期刊
IEEE INTERNET OF THINGS JOURNAL
卷 7, 期 3, 页码 2014-2027出版社
IEEE-INST ELECTRICAL ELECTRONICS ENGINEERS INC
DOI: 10.1109/JIOT.2019.2960822
关键词
Object usage event; Social Internet of Things (SIoT); social similarity; time-aware smart object recommendation; user preference
资金
- National Natural Science Foundation of China [61802343]
- Zhejiang Provincial Natural Science Foundation of China [LGF19F020019, LGN20F020003]

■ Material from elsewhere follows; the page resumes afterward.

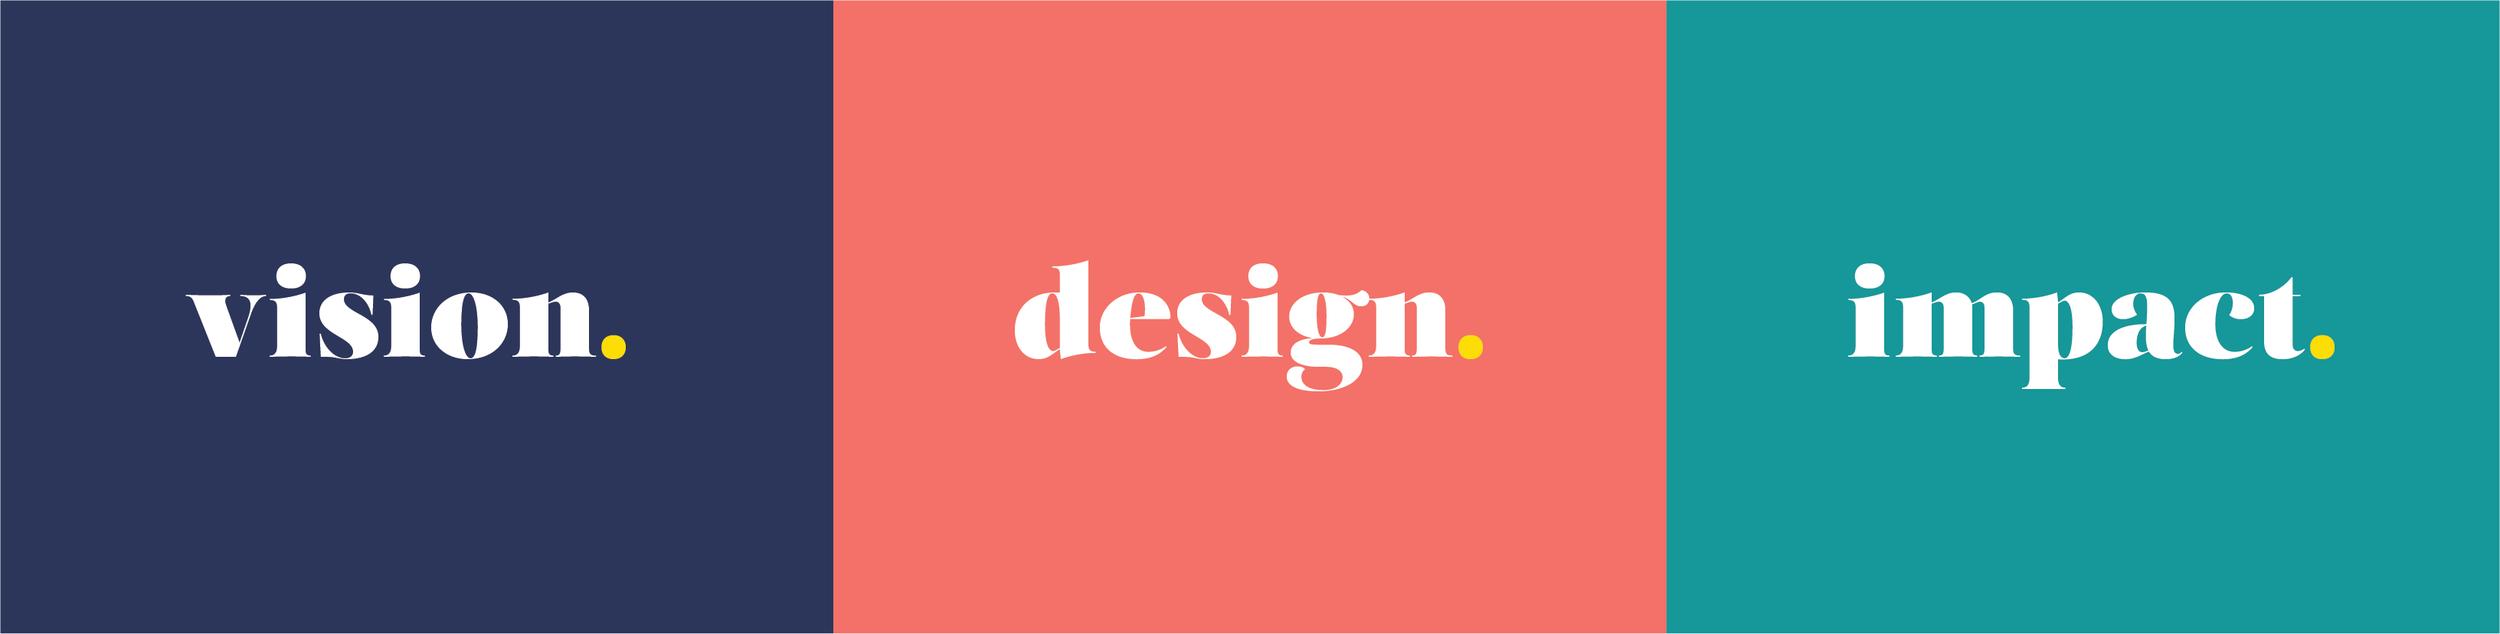 Vision-Design-Impact.png
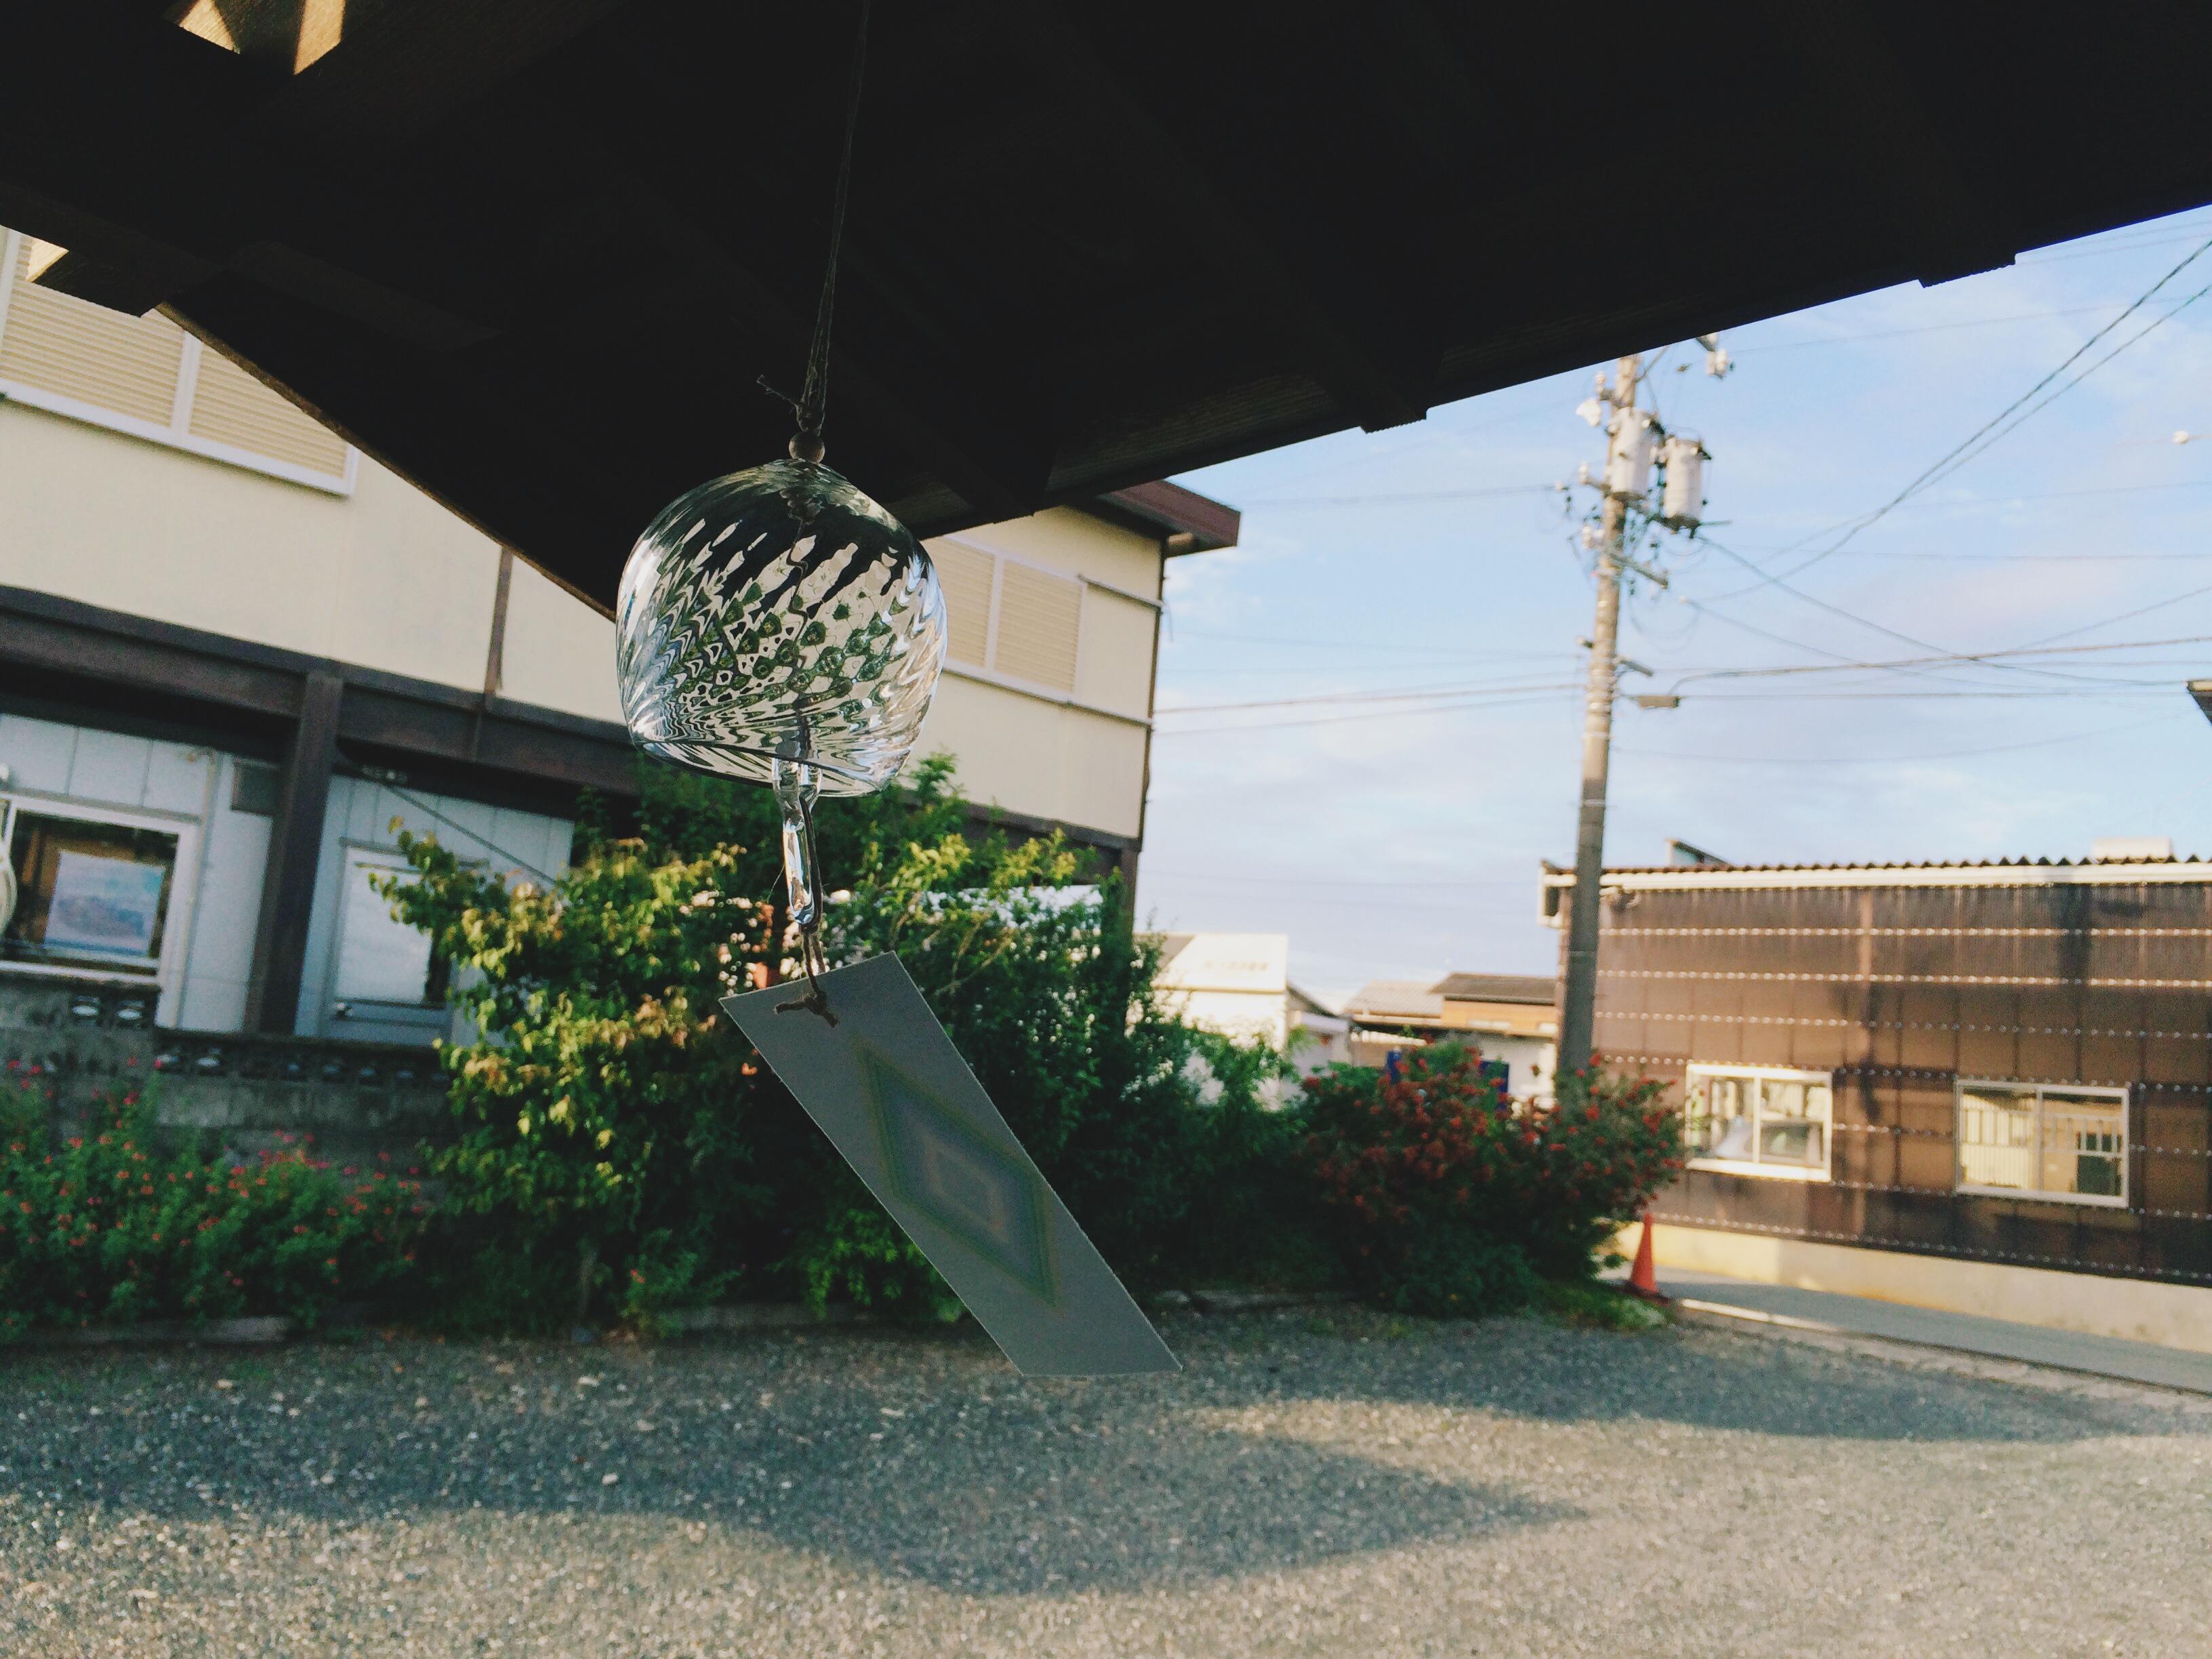 IMG_6611[1]

- Hangzhou Key Laboratory for IoT Technology and Application
With a large number of possible smart objects in Social Internet of Things (SIoT), a recommendation system is of great necessity to help users find smart objects they need. However, traditional recommendation techniques usually exploit user's rating or feedback information, which are impractical as such kind of user preference information is difficult to collect in the SIoT environment. In addition, temporal context plays an important role in smart object recommendation since most users tend to utilize different objects at different time slots in a day, e.g., making coffee at morning and playing games on weekends. In this article, we propose a time-aware smart object recommendation model by jointly considering user's preference over time and smart object's social similarity. We first learn user's preference over time from his/her object usage events with a latent probabilistic model. Then, we estimate the smart object's social similarity by embedding their heterogeneous social relationships into a shared lower dimensional space. Finally, we generate the recommendation list with an item-based collaborative filtering. We conduct a comprehensive experimental study based on two real-world data sets, and the experimental results show our method outperforms all baselines significantly in terms of recommendation effectiveness.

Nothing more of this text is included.